Case ID: mo_145/html/0445-01.html
Source: Caselaw Access Project
Author: {"author": "Gantt, P. J.", "license": "Public Domain", "url": "https://static.case.law/"}
Date Created: 2024-08-24T03:29:51.129683

Three States Lumber Company v. Rogers, Appellant.
    
    Division Two,
    July 6, 1898.
    1. Appellate practice: ejectment: evidence: rejected deposition. Where it is claimed, in an ejectment suit, that the trial court erred in rejecting evidence of a witness showing adverse possession, and that his testimony was set out in full in a deposition, the Supreme Court will not say that its exclusion was error, since the court has no way to determine the question, the deposition not having been preserved in the bill of exceptions.
    2. --: -: -. An objection that evidence is “irrelevant, incompetent and immaterial” will not be considered by the Supreme Court on appeal, because too indefinite.
    3. -: -: no objection IN trial court. Where objection to the testimony of certain witnesses is made for the first time in the Supreme Court, the objection will not be considered, since the Legislature, by section 2302, Revised Statutes 1889, has provided that only those exceptions can be considered on appeal which were expressly passed upon by the trial court.
    4. Ejectment: instructions: adverse possession.

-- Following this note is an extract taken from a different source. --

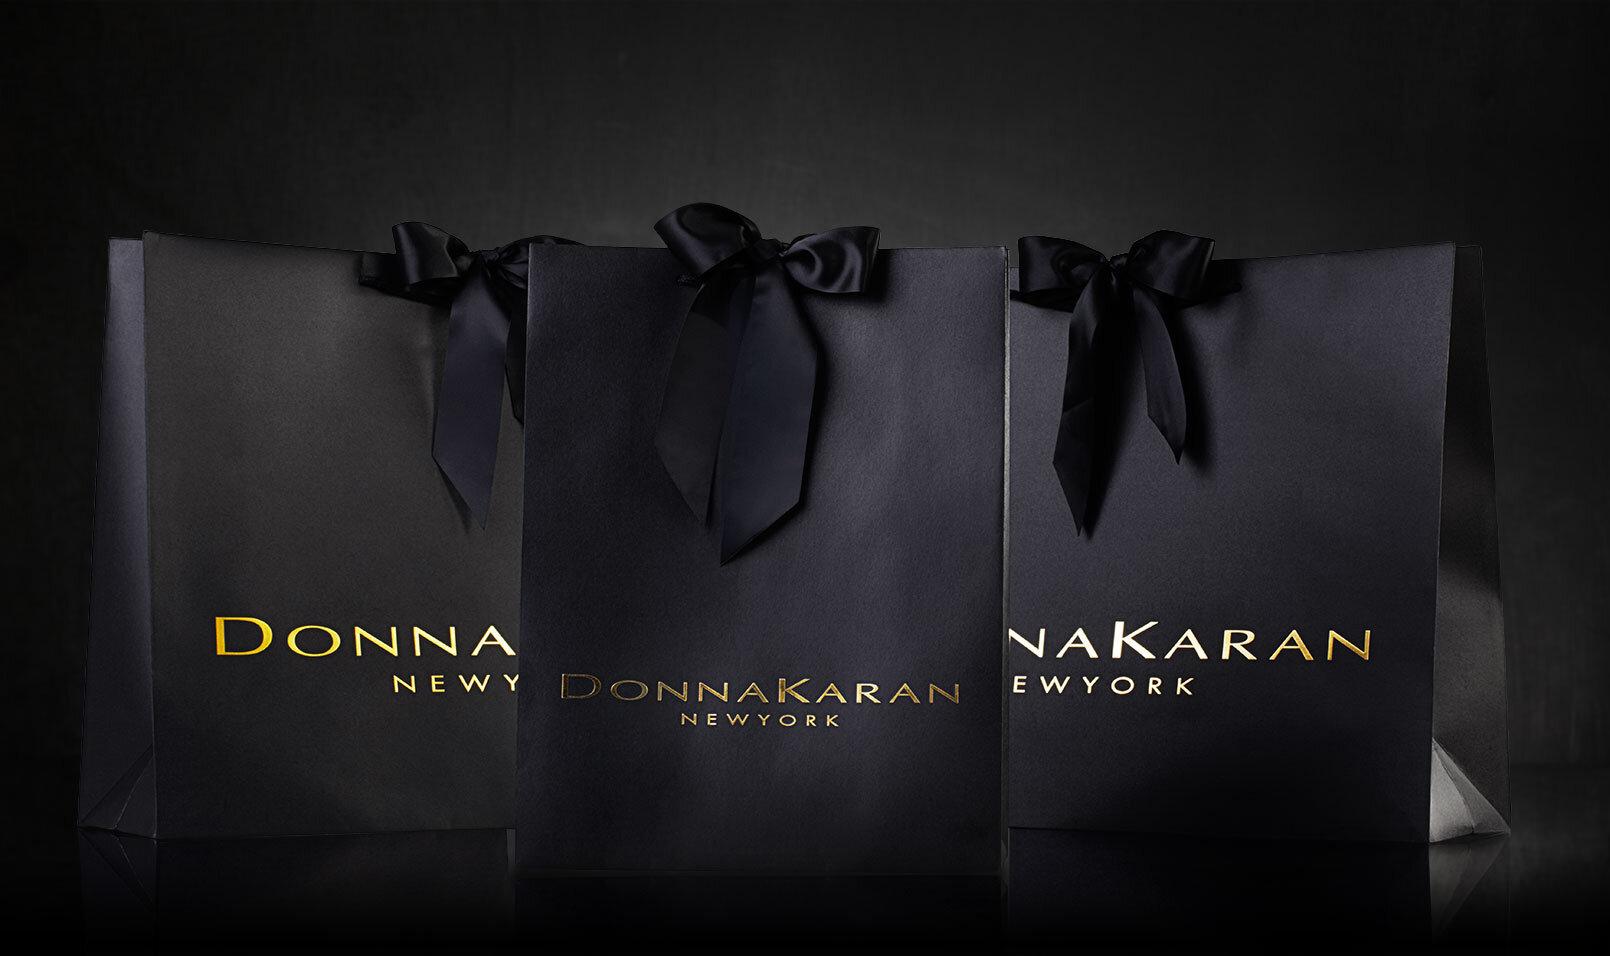 DKNY-DONNA-KARAN-NEW-York-Shopping-Bag-Design-Packaging-Company-1.jpg
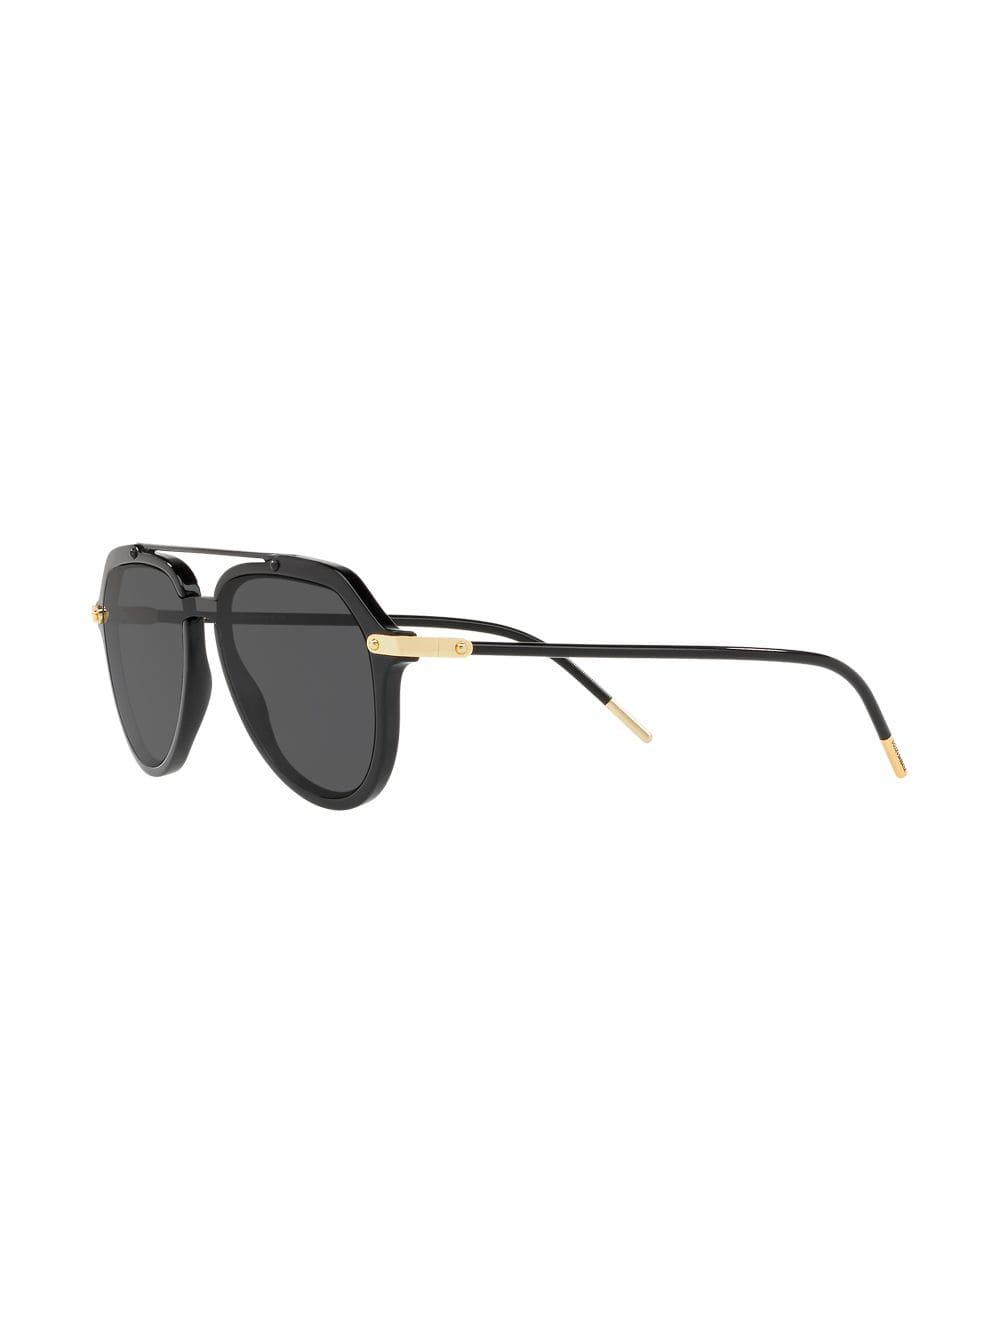 4eeb925e142b8 Dolce   Gabbana Aviator Sunglasses in Black for Men - Lyst

Án instruction on adverse possession, in an ejectment suit, which fails to state that the possession must be continuous, is fatally defective. And an instruction which failed to allege that the possession must be adverse, was properly refused.
    5. Will: description op lands. A will need not specify by numbers the land given to a legatee. The testator can devise whatever interest he has in land by the residium clause.
    
      
      Appeal from New Madrid Circuit Court. — Hon. Henry O. Riley, Judge.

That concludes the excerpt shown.